Salazar is one of two academics leading the study.
More than 40 students from USCB and Clemson University will greet fans at this week's tournament at Harbour Town Golf Links armed with iPads. The surveyors will ask questions to paint a more detailed picture of the types of visitors who come to the tournament.
They'll find out where the visitors are from, how much they make, how long they visit, and -- most important to tournament sponsors -- how much money they bring to the area.
The figures will not include spending by Beaufort County residents or the players, caddies, agents, their families, media, major sponsors, vendors, club manufacturers or tour officials.
With the information, Clemson professor Bob Brookover and his graduate students can calculate the financial effect of the event, he said.
"We can get down to specifics ... but everyone wants to see that one number," said Brookover, the director of Clemson University's International Institute for Tourism Research & Development.
Four years ago, that number was $81.9 million.
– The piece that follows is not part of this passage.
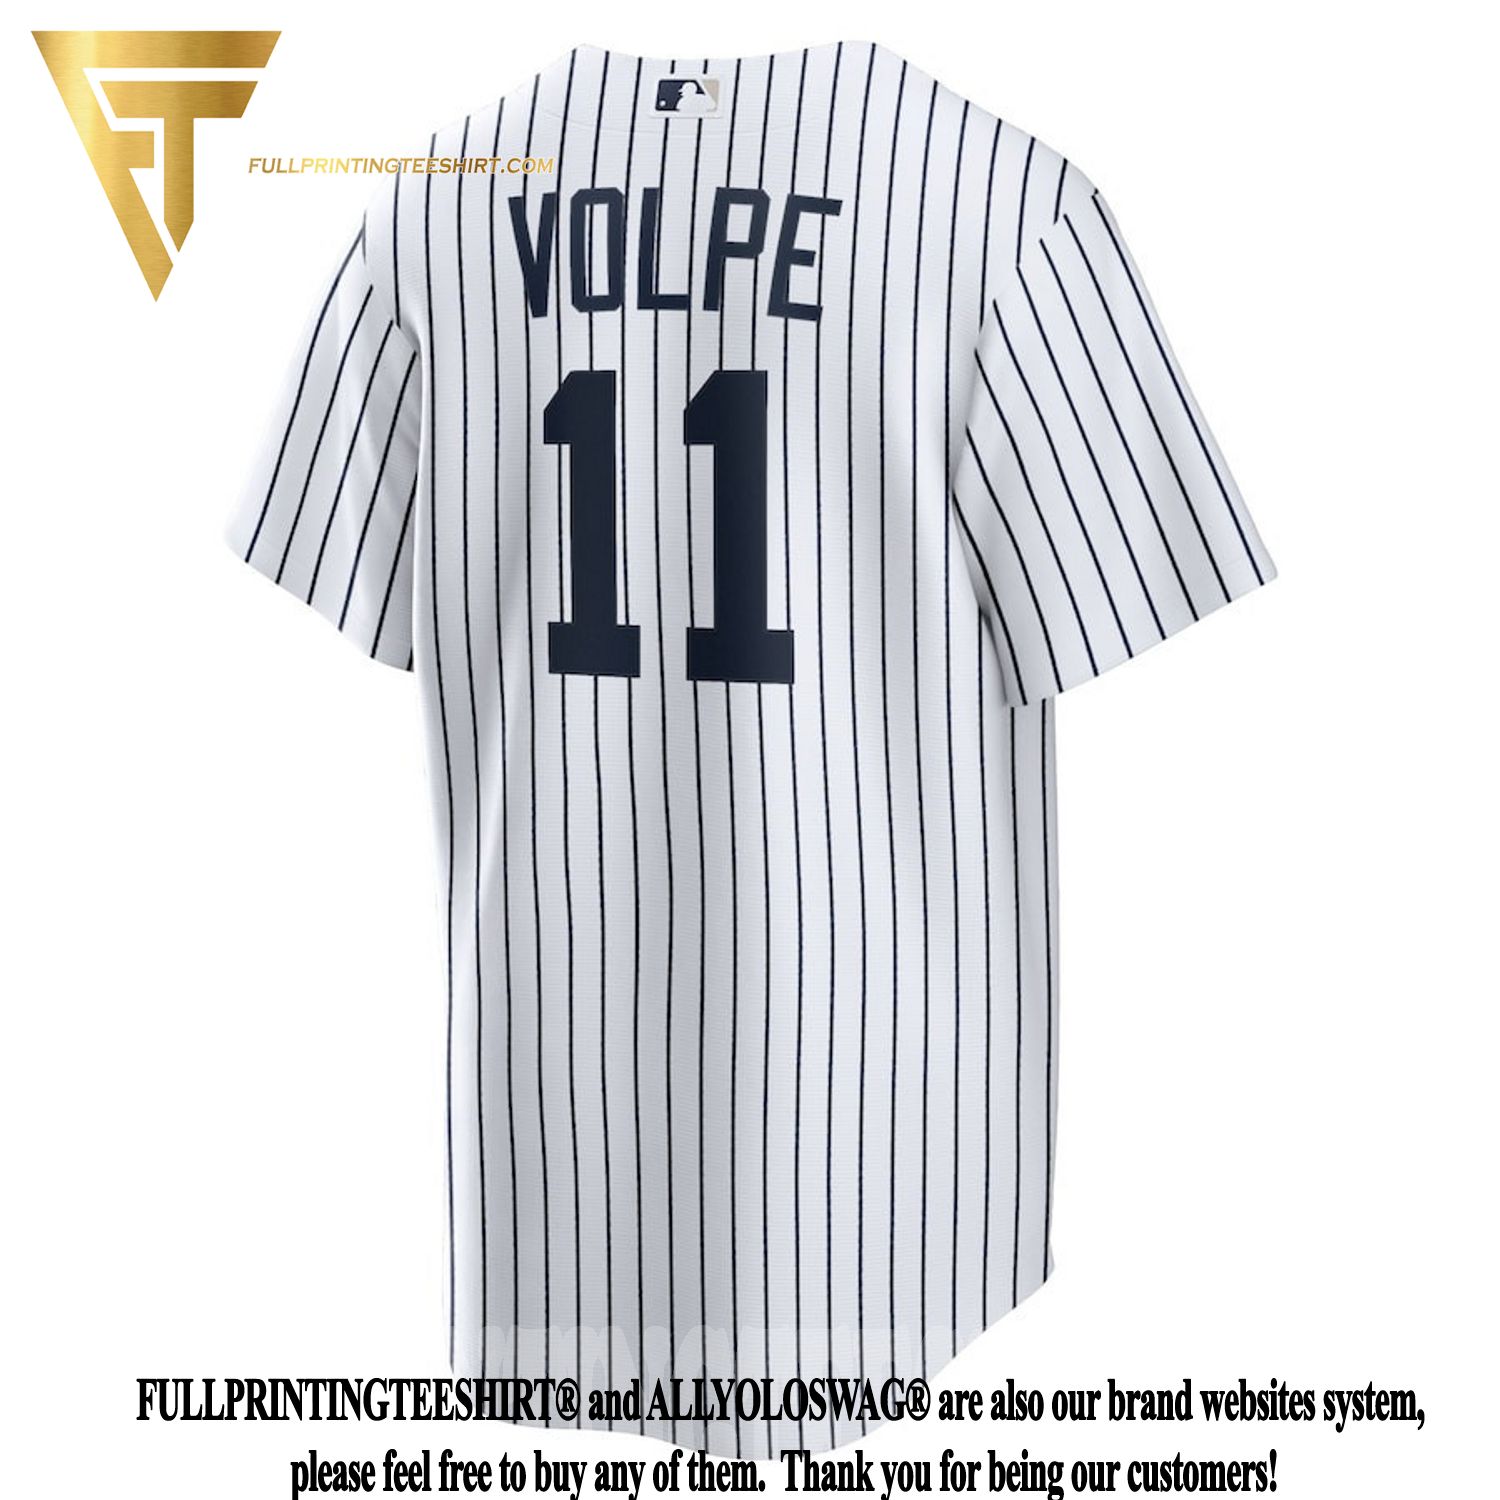 Top-selling Item] Anthony Volpe 11 New York Yankees Home Men - White

Though it was down slightly from an overall $84 million impact in 2005, it was enough to impress potential sponsors courted by the nonprofit Heritage Classic Foundation, which runs the tournament.
The 2011 Heritage was played without a title sponsor, but the foundation signed deals later that year with sponsors to help keep the tournament on the island. Those sponsorships, which provide funding essential to put on the tournament, expire in 2016.
"(The economic study) was a wonderful way for us to sell the event," said Angela McSwain, the tournament's marketing director. "When we were searching for that title sponsor, information from previous economic studies was key."
McSwain said the survey has other uses. For example, she tailors her marketing campaigns to the areas where most visitors are from, such as the Upstate, Atlanta and Ohio.
Brookover hopes to collect 1,600 to 1,800 responses, he said. He plans to have preliminary results completed by June.
Though this is his fifth time leading the survey, he's reluctant to predict results.
Asked if he thinks tournament revenue will surpass 2010 figures, Brookover said: "It did pretty well then, and that was near the bottom of the recession, so I think it has a good shot."